6.2 OF CHARTER. All of the obligations of the Charter Entities under
Articles 1, 2 and 3 of this Agreement are subject to the fulfillment prior to or
at the Closing of each of the following conditions, any of which the Charter
Entities may waive in their respective sole discretion:
(a) Buyer shall have performed and complied in all material
respects with all agreements, commitments, covenants and other
obligations required by this Agreement to be performed or complied with
by Buyer prior to or at the Closing; and
(b) Buyer shall have delivered to Charter all of the
deliverables referenced in Section 3.3.
6.3 OF EACH PARTY. The respective obligations of each party under
Articles 1, 2 and 3 of this Agreement are subject to the fulfillment prior to or
at the Closing of each of the following conditions:
(a) if applicable, the waiting period (and any extension
thereof) applicable to the consummation of the transactions
contemplated by this Agreement under the Xxxx-Xxxxx-Xxxxxx Antitrust
Improvements Act of 1976, as amended (the "HSR Act"), shall have
expired or been terminated;
(b) the release (by mutual consent and/or pursuant to an order
of the Bankruptcy Court which must not be restrained, enjoined or
stayed) of all liens, claims, encumbrances and interests in the
Purchased Assets, which liens, claims, encumbrances and interests shall
attach to the proceeds of the sale, in their respective order of
priority; and
(c) the entry by the Bankruptcy Court of an order, final
beyond appeal and which shall not be stayed, restrained or enjoined,
approving the sale of the Purchased Assets, and providing that: (i)

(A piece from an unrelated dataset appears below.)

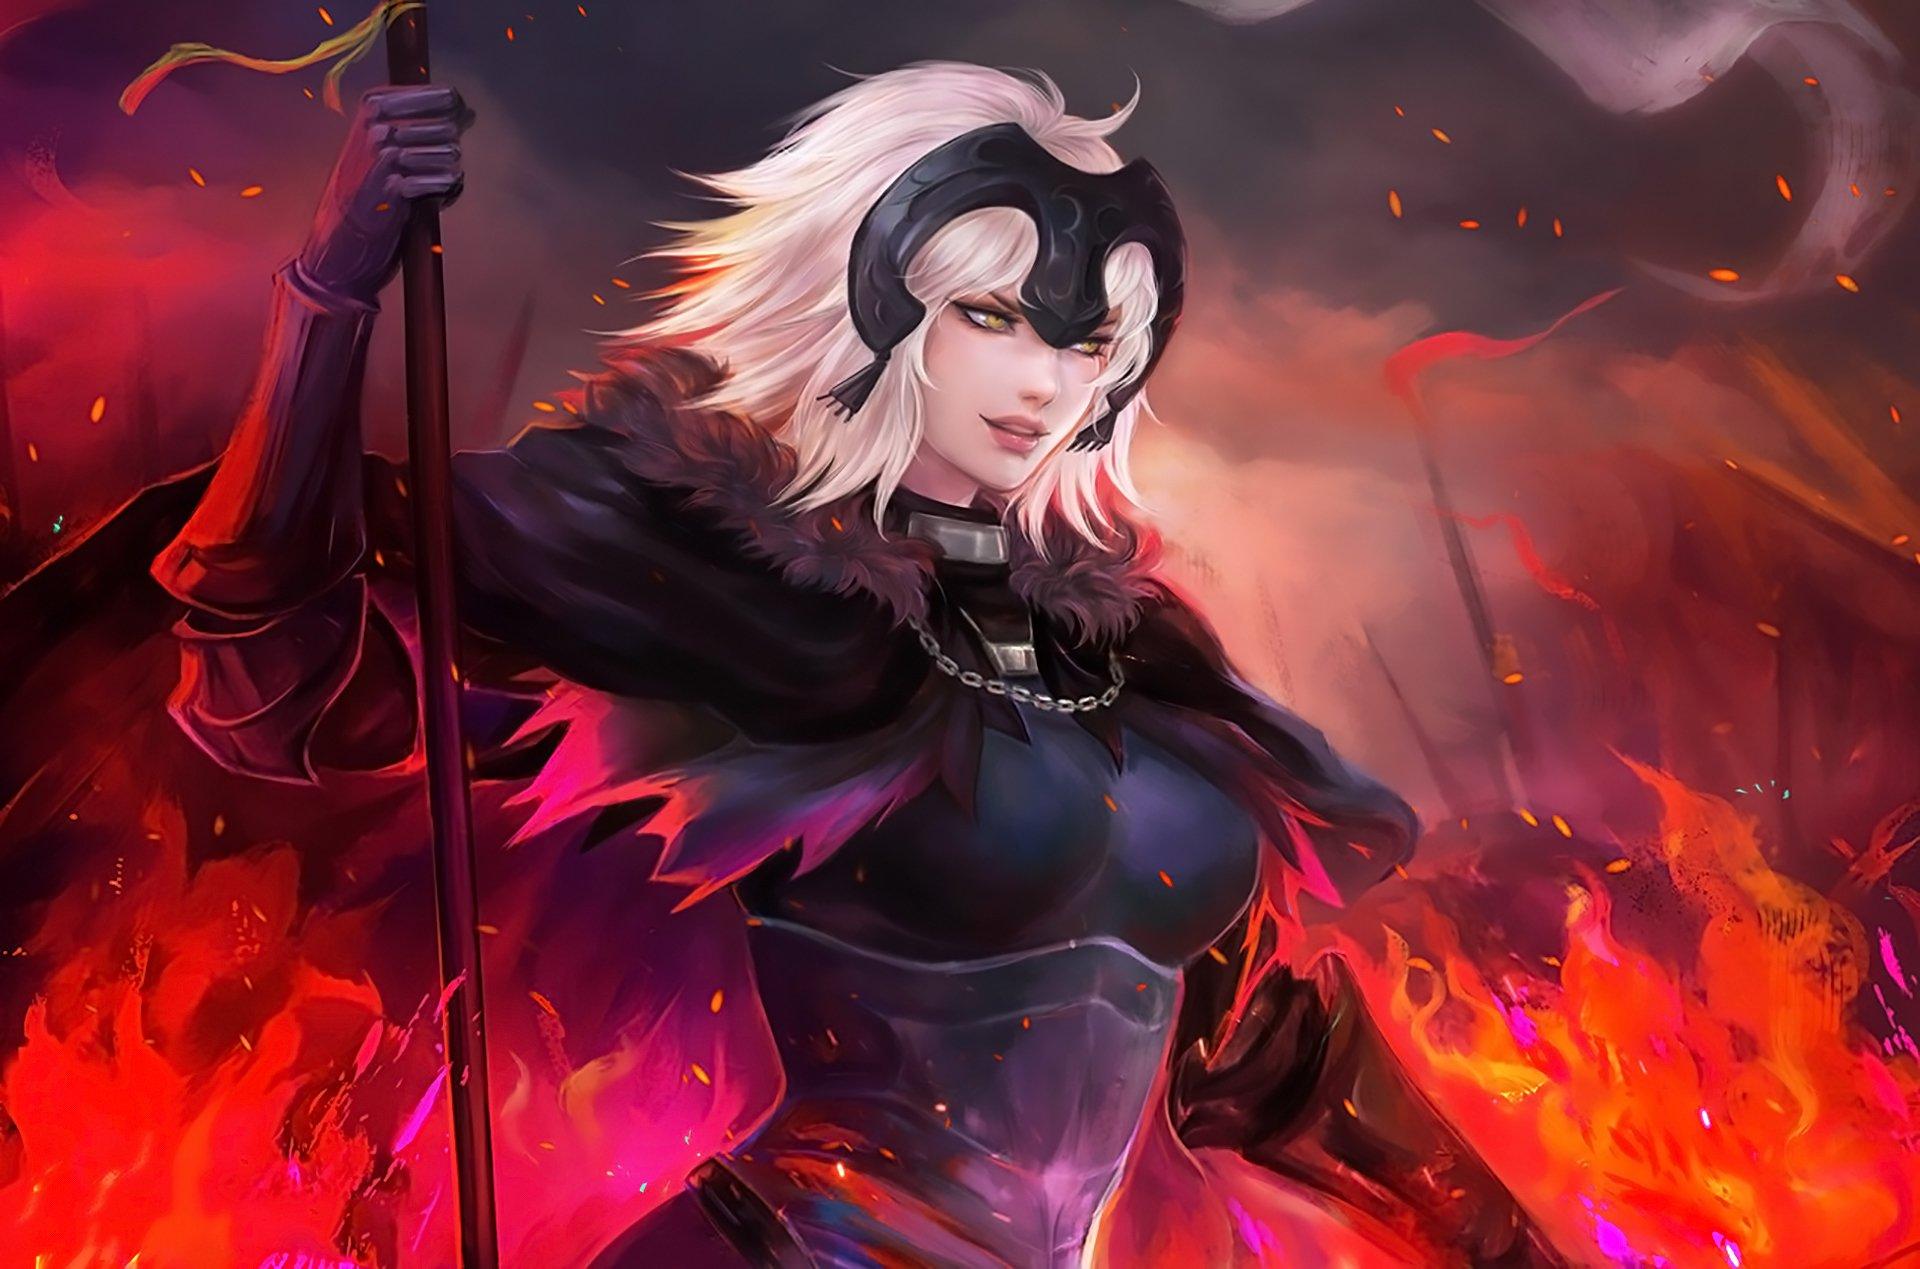 Fondos de pantalla Anime Jeanne de Fate Grand Order

Charter is authorized to assign to Buyer and Buyer is authorized to
assume all Contracts being assumed pursuant to this Agreement, (ii)
Buyer is a "good faith" buyer, within the meaning of Section 363(m) of
the Bankruptcy Code (Title 11 of the United States Code, as amended),
(iii) Buyer is a bona fide purchaser for value, (iv) the Purchase Price
is fair and reasonable, (v) appropriate notice has been provided to all
persons or entities who hold liens, claims, encumbrances and interests
in the Purchased Assets, and (vi) the sale is free and clear of all
liens, claims, encumbrances and interests including claims of
Authorities (the "BANKRUPTCY COURT APPROVAL").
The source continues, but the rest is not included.